# [Work instructions]
For this exercise, restate every line below word for word and drop the images.

----- Given information -----

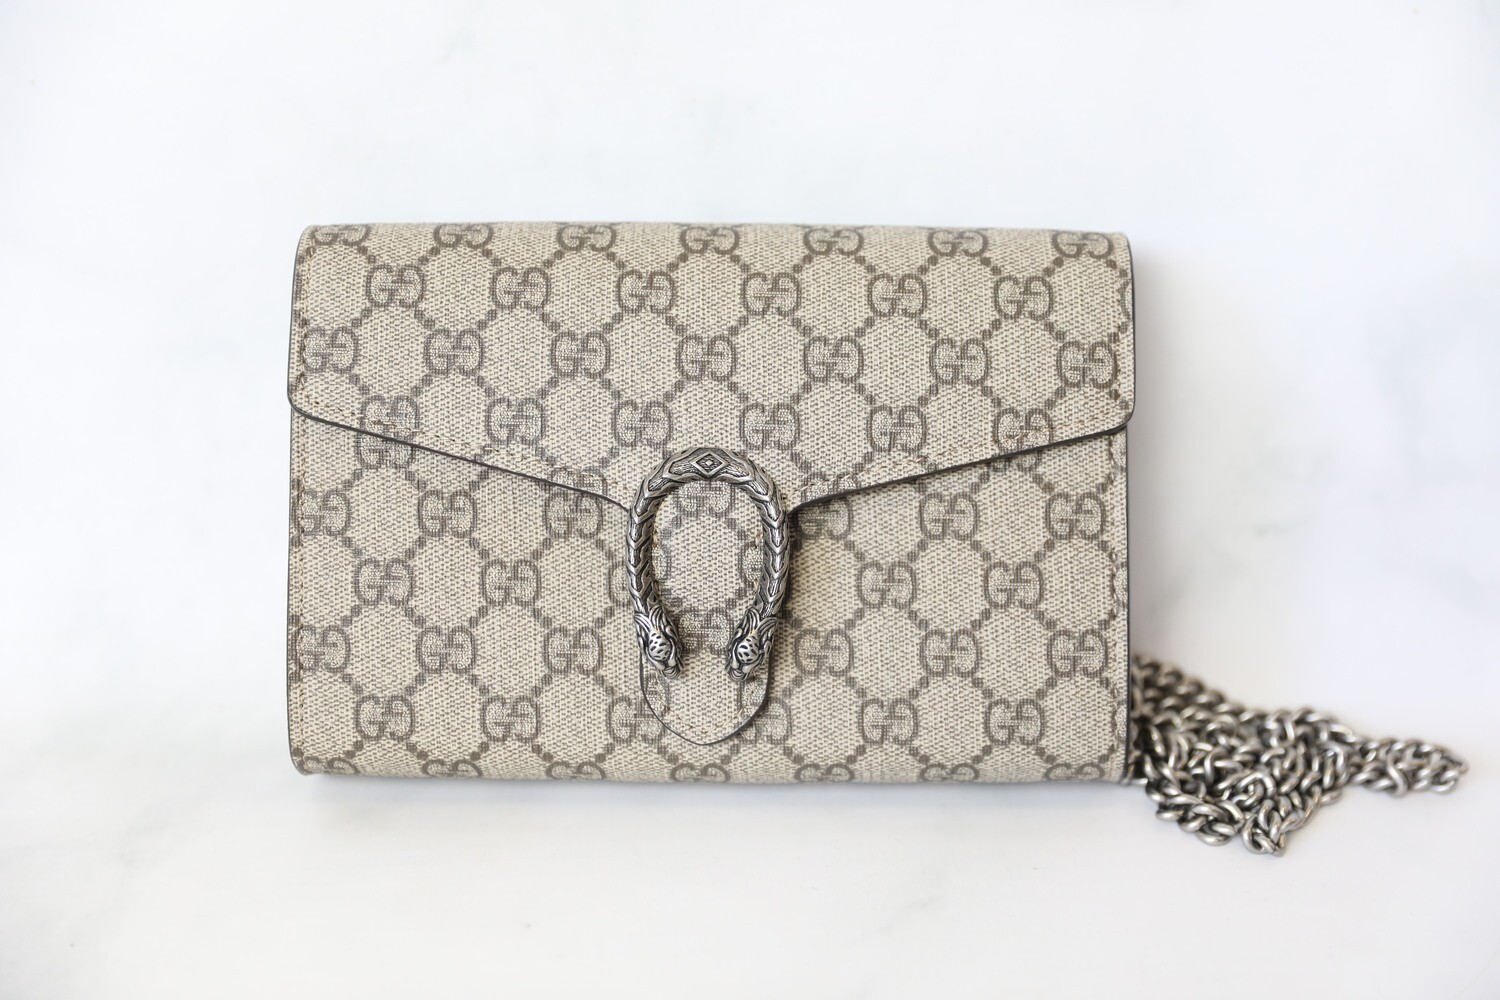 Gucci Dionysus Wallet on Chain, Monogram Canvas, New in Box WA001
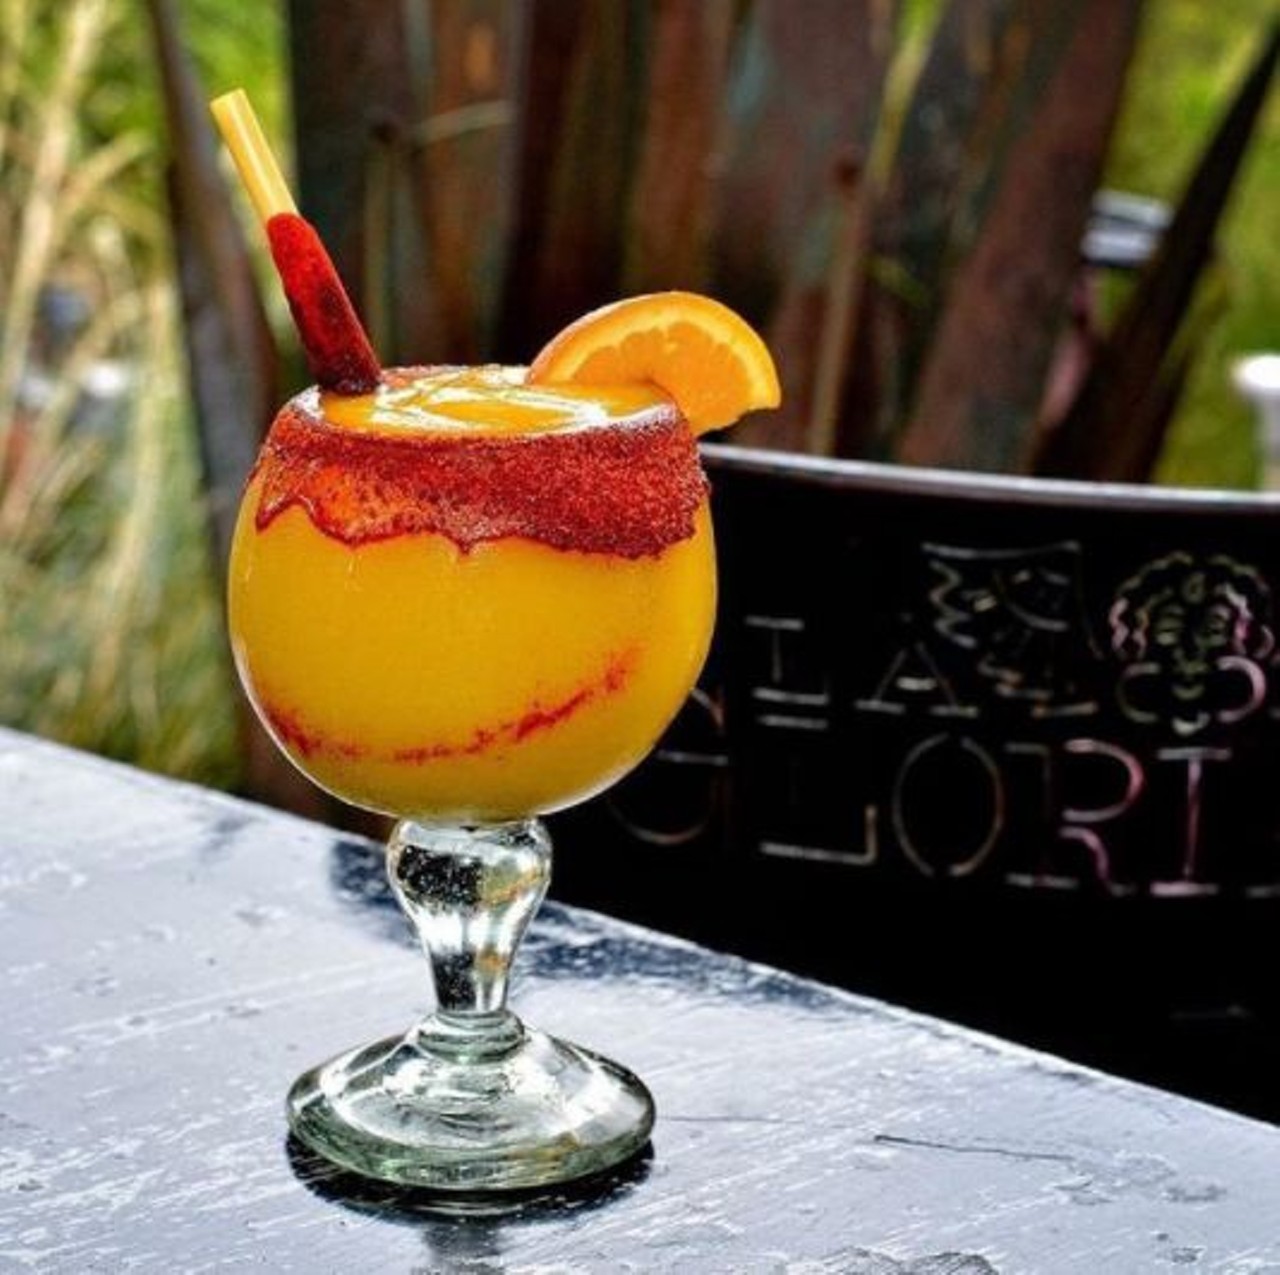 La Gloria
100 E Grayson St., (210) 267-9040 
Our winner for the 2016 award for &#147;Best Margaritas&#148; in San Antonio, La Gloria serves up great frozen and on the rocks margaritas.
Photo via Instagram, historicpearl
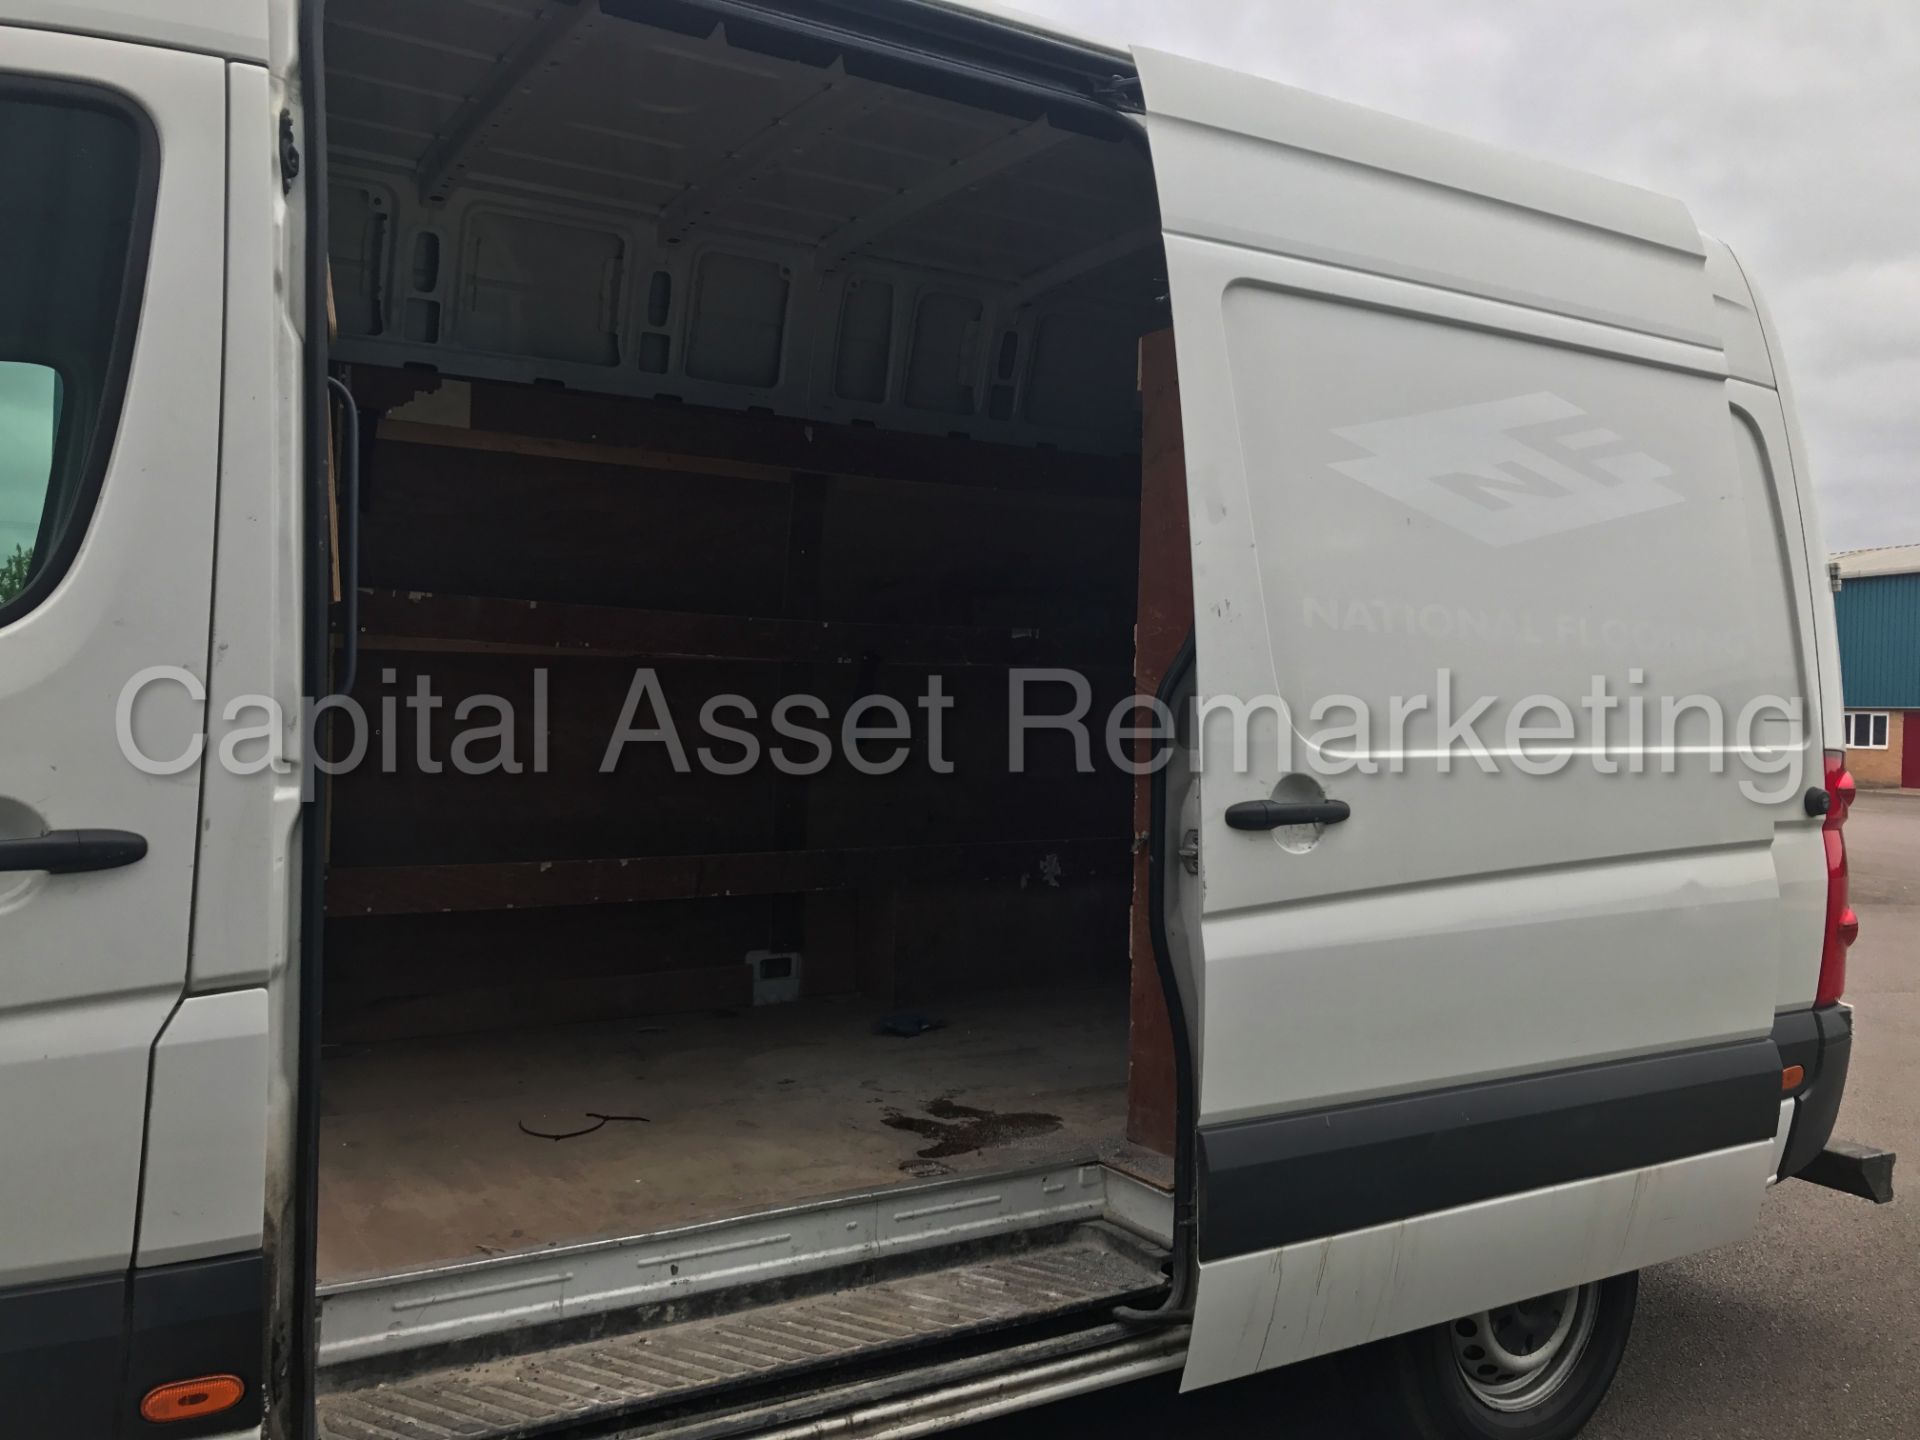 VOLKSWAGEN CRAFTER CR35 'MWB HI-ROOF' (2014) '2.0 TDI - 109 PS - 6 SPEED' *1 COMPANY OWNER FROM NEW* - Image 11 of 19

-----

# [Written response]
 Gucci Dionysus Wallet on Chain, Monogram Canvas, New in Box WA001
 La Gloria
100 E Grayson St., (210) 267-9040 
Our winner for the 2016 award for &#147;Best Margaritas&#148; in San Antonio, La Gloria serves up great frozen and on the rocks margaritas.
Photo via Instagram, historicpearl
 VOLKSWAGEN CRAFTER CR35 'MWB HI-ROOF' (2014) '2.0 TDI - 109 PS - 6 SPEED' *1 COMPANY OWNER FROM NEW* - Image 11 of 19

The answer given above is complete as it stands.